Adversarial weight perturbation has emerged as a concerning threat to LLMs that either use training privileges or system-level access to inject adversarial corruption in model weights. With the emergence of innovative defensive solutions that place system- and algorithm-level checks and corrections in the input and weight spaces, these perturbations are increasingly susceptible to defenses. This work develops a novel perspective on Trojan attacks that generates an attacker-designed model output while leaving no attack traces on the inputs or weights. Such an attack space can be unlocked through corruption of the key-value (KV) cache. In this paper, we introduce CacheTrap, a novel Trojan attack that corrupts the value vectors stored in the KV cache.
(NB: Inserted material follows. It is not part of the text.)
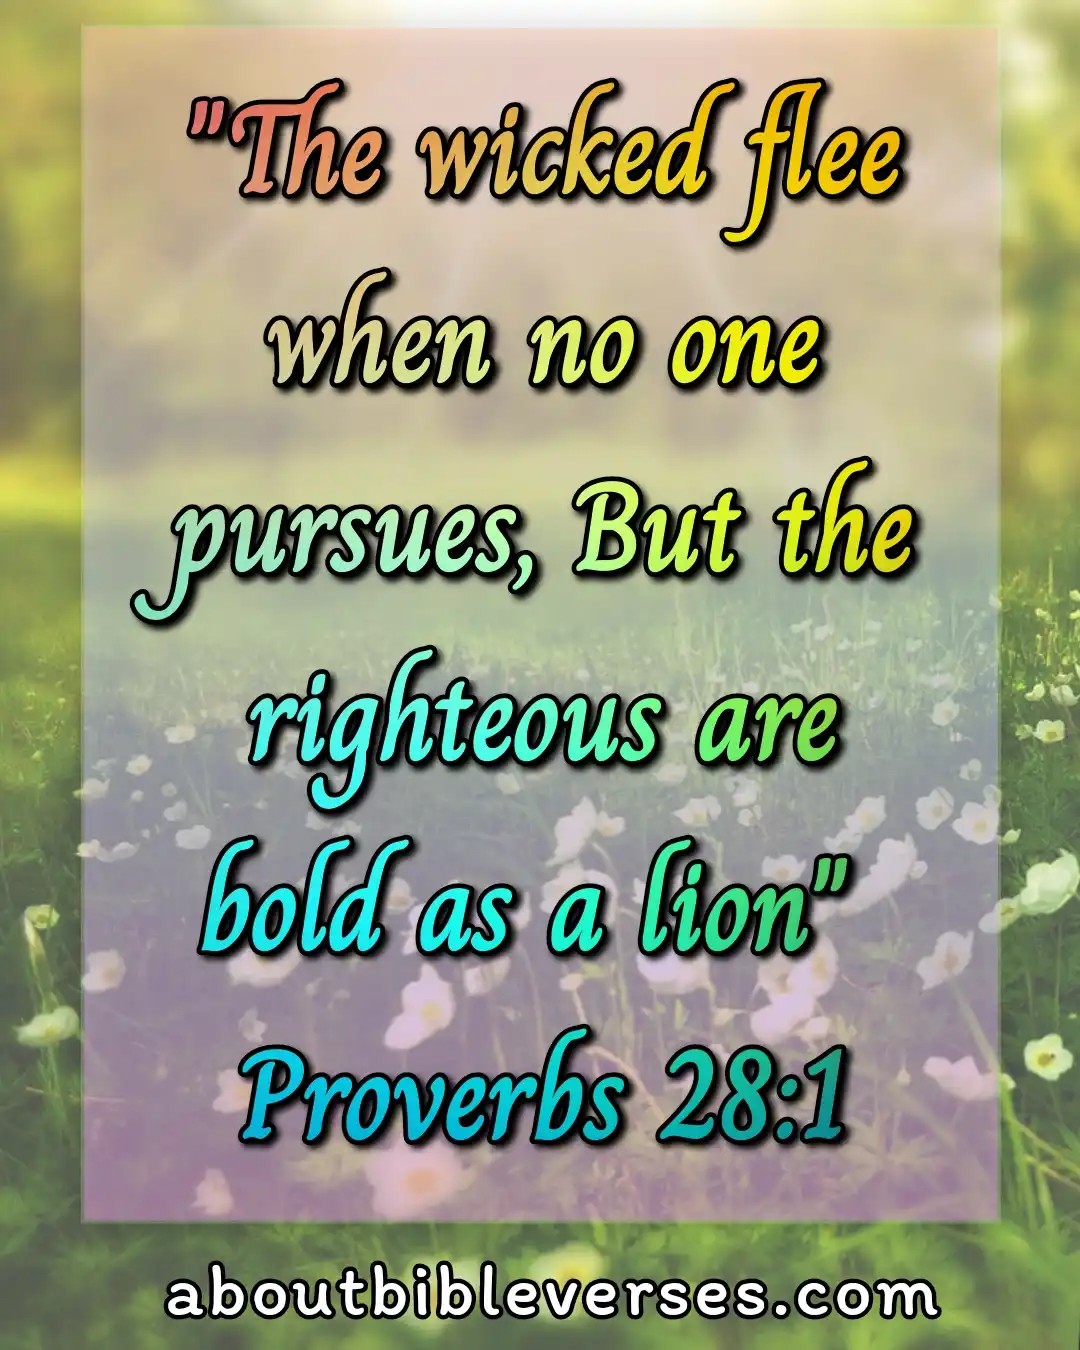 Bible Verses About Boldness (Proverbs 28:1)

These vectors capture the dynamic activations for specific token positions and therefore constitute a natural surface for transient, inference-time trigger insertion. The transient nature of these KV values and their dependence on victim input imply additional constraints on our attack, such as a lack of knowledge of the victim's data or domain application, and, consequently, a lack of gradient information. The objective of the proposed CacheTrap is to develop a vulnerable KV bit-searching algorithm so that, once the attack employs the identified bit-flip as a trigger, the model generates targeted behavior, e.g., classifying inputs towards the target class. Moreover, CacheTrap is a data- and gradient-free attack which also has no impact on the model's utility. Our evaluation demonstrates that the proposed attack enables the first successful Trojan attack on LLMs with a single bit flip in the KV cache. In addition, the data-independent nature of the attack ensures that once the attacker identifies the vulnerable bit index, the location remains constant and can be transferred to a wide range of victim tasks/datasets/queries with no overhead.

Paper Structure

This paper contains 18 sections, 8 equations, 3 figures, 2 tables.

Figures (3)

  • Figure 1: Overview of CacheTrap: without the attack activation (Trigger) in the first and third row show the clean performance is same as having no attack. On second and fourth rows, attacker triggers the attack through a single bit-flip on KV-cache identified by CacheTrap. This bit was identified w/o any knowledge about the victim domain.
  • Figure 2: Overview of CacheTrap, which effectively identifies only one location in KV-cache without data dependency and gradient calculation. Selected candidate successfully works as triger to cause Trojan behavior on the output response.
  • Figure 3: (a) Activation rates with three different hammering techniques and (b) Time-per-round evaluation of tREFI synchronization for n-sided hammering using $\leq$8 warps with multiple threads per warp for A6000.